# Free LiveType Effects and Templates



## MacDaddy

Hey guys,
Thought I would let you know about a new page addition over at emotionDV.com for Free extra's. One of our members creates lots of Effects and Templates that I am hosting for free download.

They can be found here:
http://extras.emotiondv.com


----------



## wonderings

Thanks MacDaddy, I cant wait to get home and give these a try!


----------



## MacDaddy

Check back later as well, he just informed me that he has uploaded a few more to the FTP for me to add, so I am going to do that when I get home tonight!

K


----------



## ArtistSeries

Thanks for the link -


----------



## MacDaddy

Glad you guys enjoy!

2 more added this morning:
Kryptonite and Hit The Deck


----------



## ArtistSeries

MacDaddy - great templates. emotionDV is good.

I do have one small suggestion for those that may want to try them out. 
Not everyone will know where to place them.

Library > Application Support > LiveType > Templates
or
Library > Application Support > LiveType > Effects
I would also recommend making a folder in there name emotionDV just so the we know where the effects/templates came from.


----------



## MacDaddy

as emotionDV is only hosting the files, I opted not to put the folders in. 
Most of the stuff up there was created by one of our members, Lou.
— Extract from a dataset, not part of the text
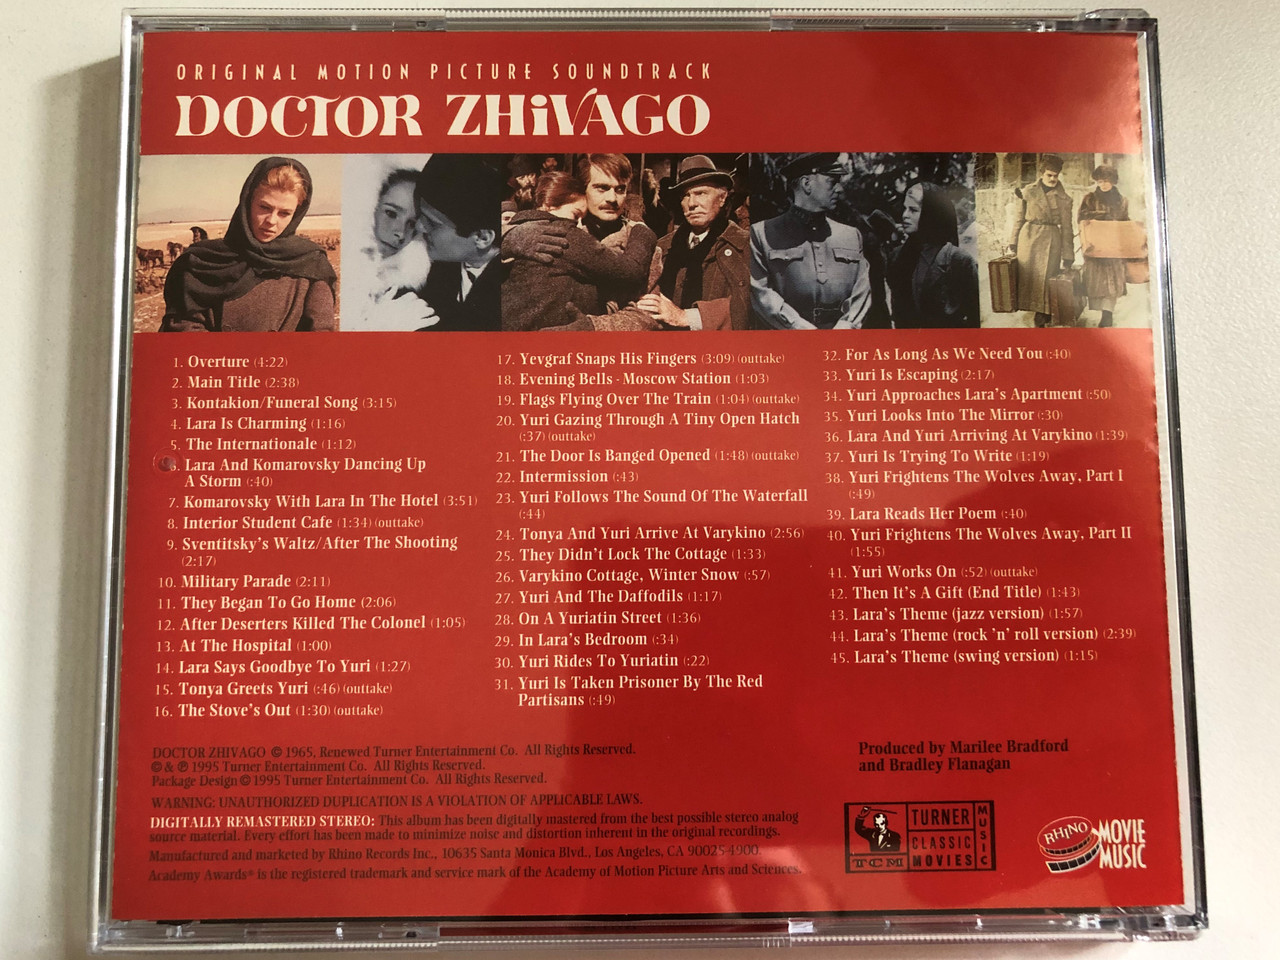 https://cdn10.bigcommerce.com/s-62bdpkt7pb/products/0/images/292525/Doctor_Zhivago_Original_Motion_Picture_Soundtrack_-_Composed_and_Conducted_By_Maurice_Jarre_The_Deluxe_Thirtieth_Anniversary_Edition_TCM_Turner_Classic_Movies_Music_Audio_CD_1995_R2_71__38283.1691673995.1280.1280.JPG?c=2&_gl=1*1yhetll*_ga*MjA2NTIxMjE2MC4xNTkwNTEyNTMy*_ga_WS2VZYPC6G*MTY5MTY3MTE1OS4xMDE2LjEuMTY5MTY3MzY4My40NS4wLjA.

I am sure he would not mind if I did that, will have to talk to him about it and see!

I have been meaning to put instructions up there as well, just been busy!


----------



## ArtistSeries

Sorry in not being clear enough. 
I would recommend creating a emotionDV folder where you would place the files.
Library > Application Support > LiveType > Effects > emotionDV


----------



## MMMMMike

Sorry to reopen such an old thread, but these templates and effects are great.
Has anyone else got a link to other FREE Livetype templates or effects?

Thanks,
Mike


----------